═══ Exercise data

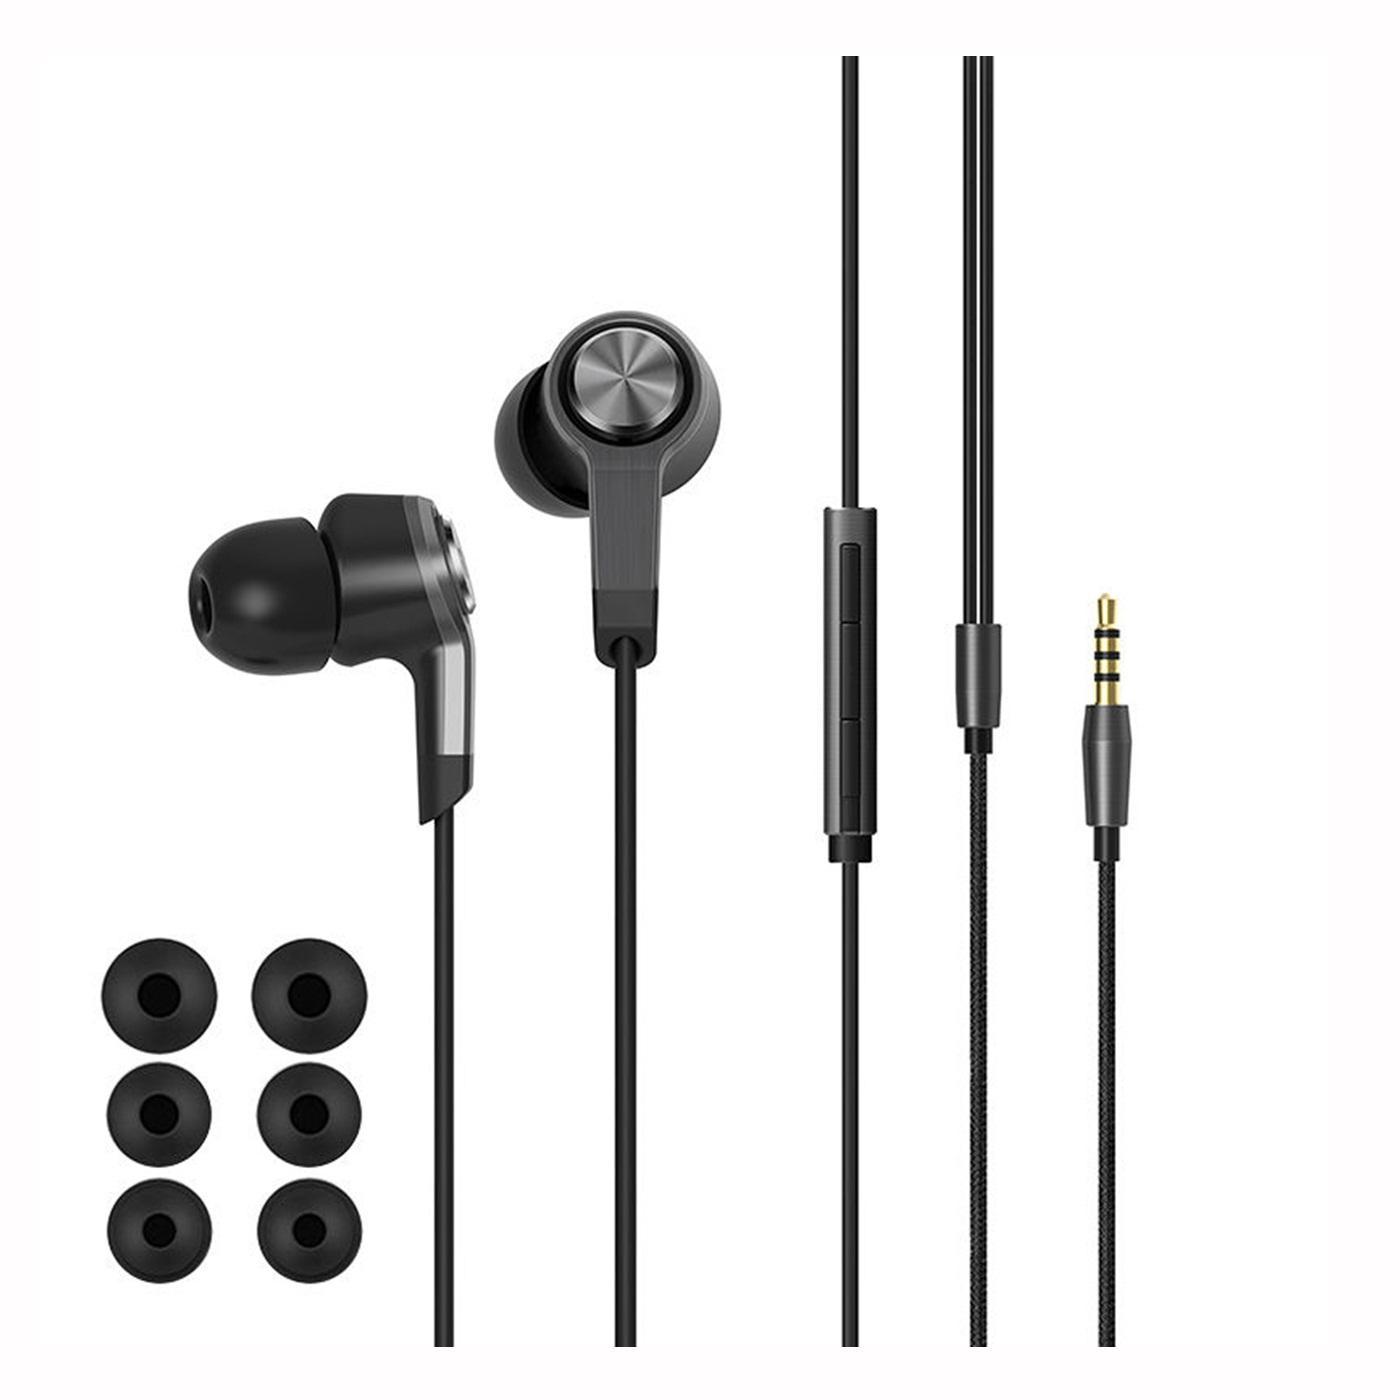 Fitur Xiaomi Headset Hanfree Headphones Piston 3rd Black Generation 3 Colorful Edition Earphone Original Hitam 4
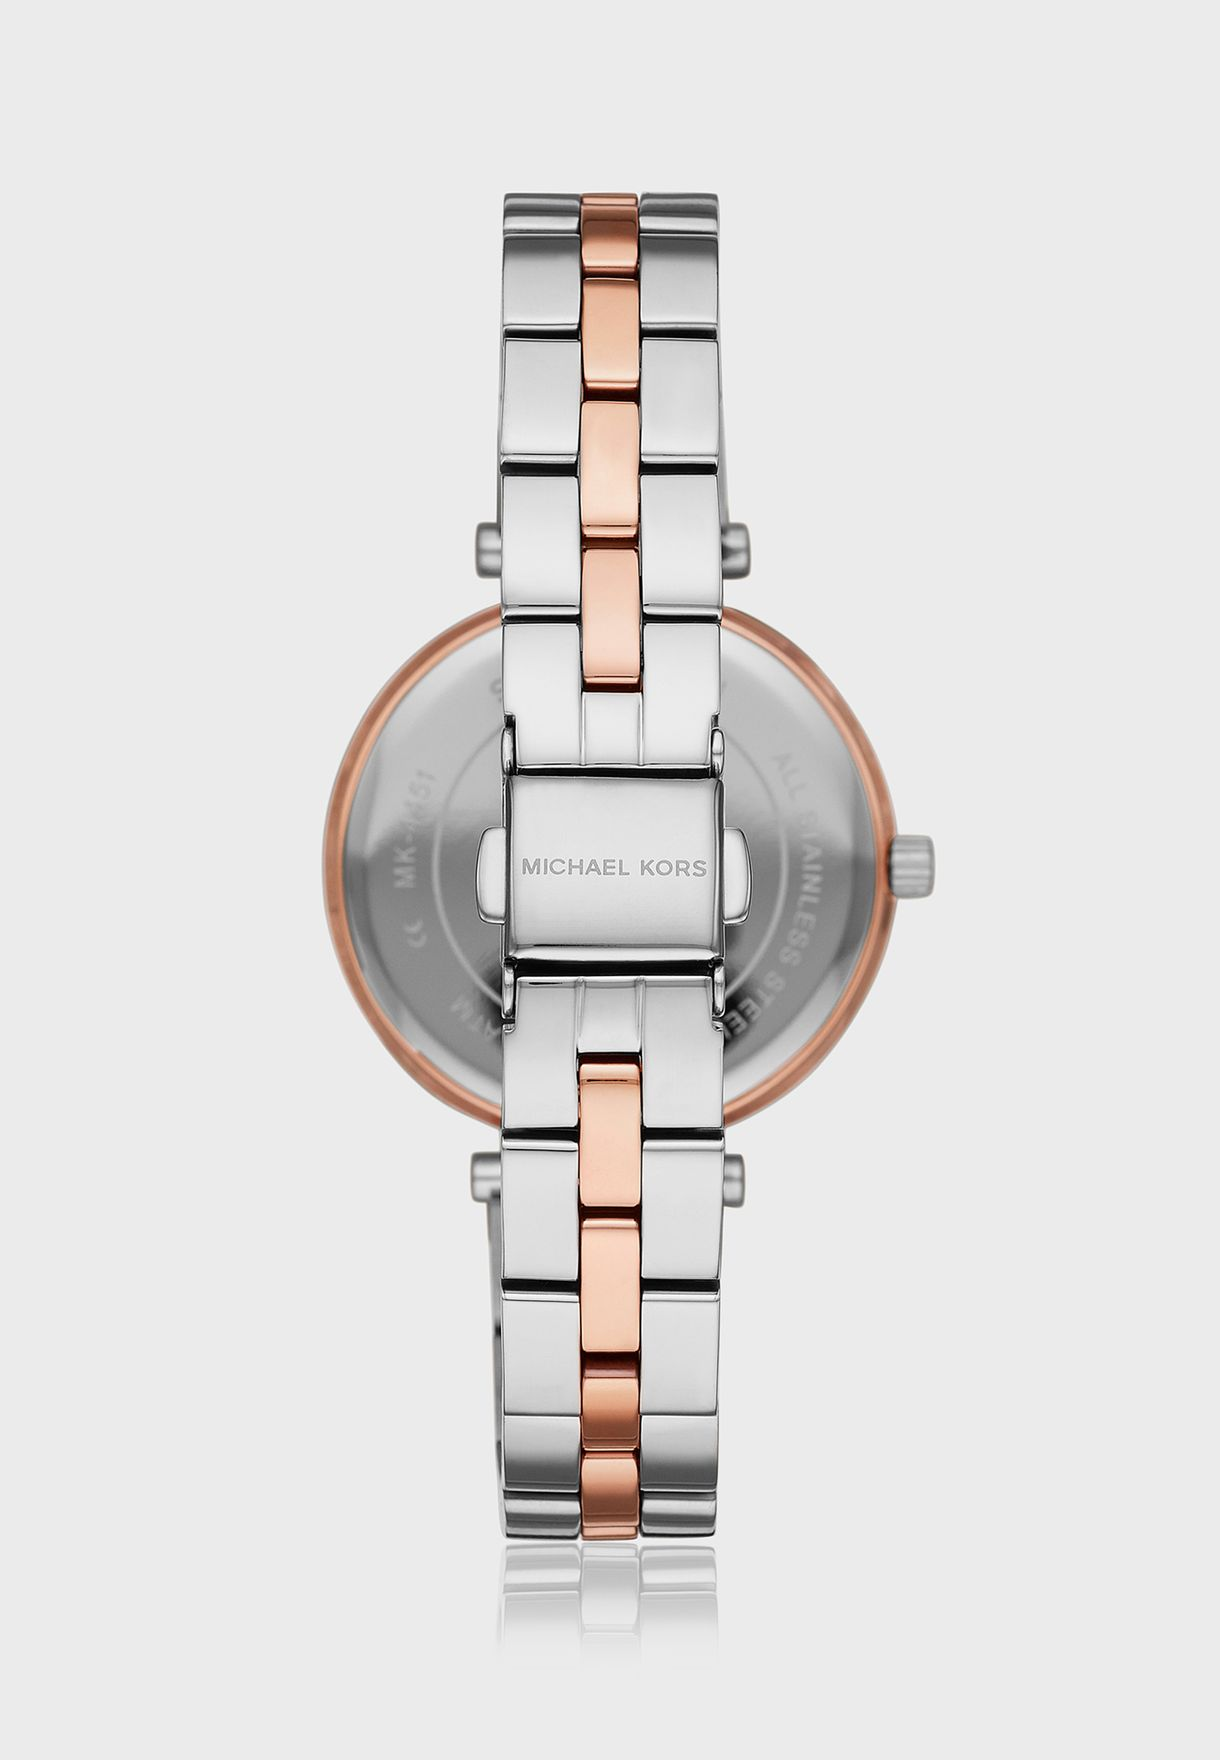 MK4452 Maci Analog Watch
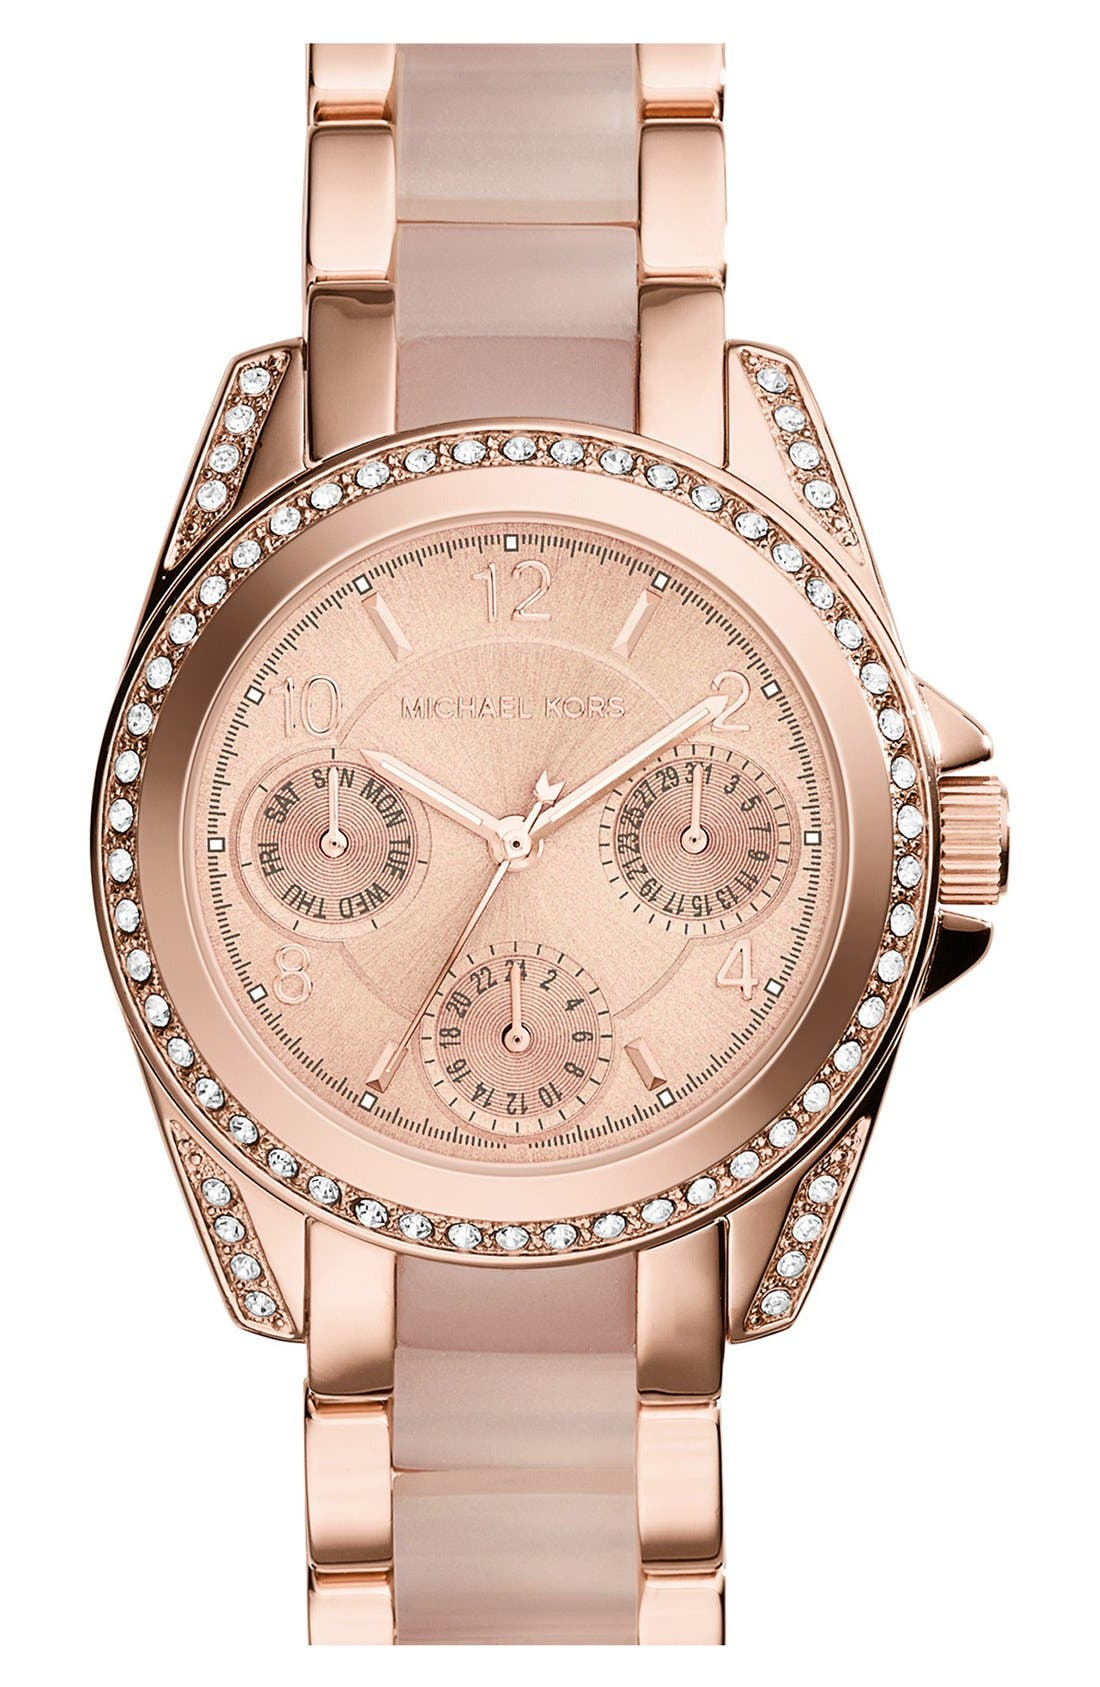 Main Image - Michael Kors'MiniBlair' Multifunction Bracelet Watch, 33mm

══════

Exercise aim: Copy the data exactly. Any picture it contains is to be omitted.

Exercise output:
 Fitur Xiaomi Headset Hanfree Headphones Piston 3rd Black Generation 3 Colorful Edition Earphone Original Hitam 4
 MK4452 Maci Analog Watch
 Main Image - Michael Kors'MiniBlair' Multifunction Bracelet Watch, 33mm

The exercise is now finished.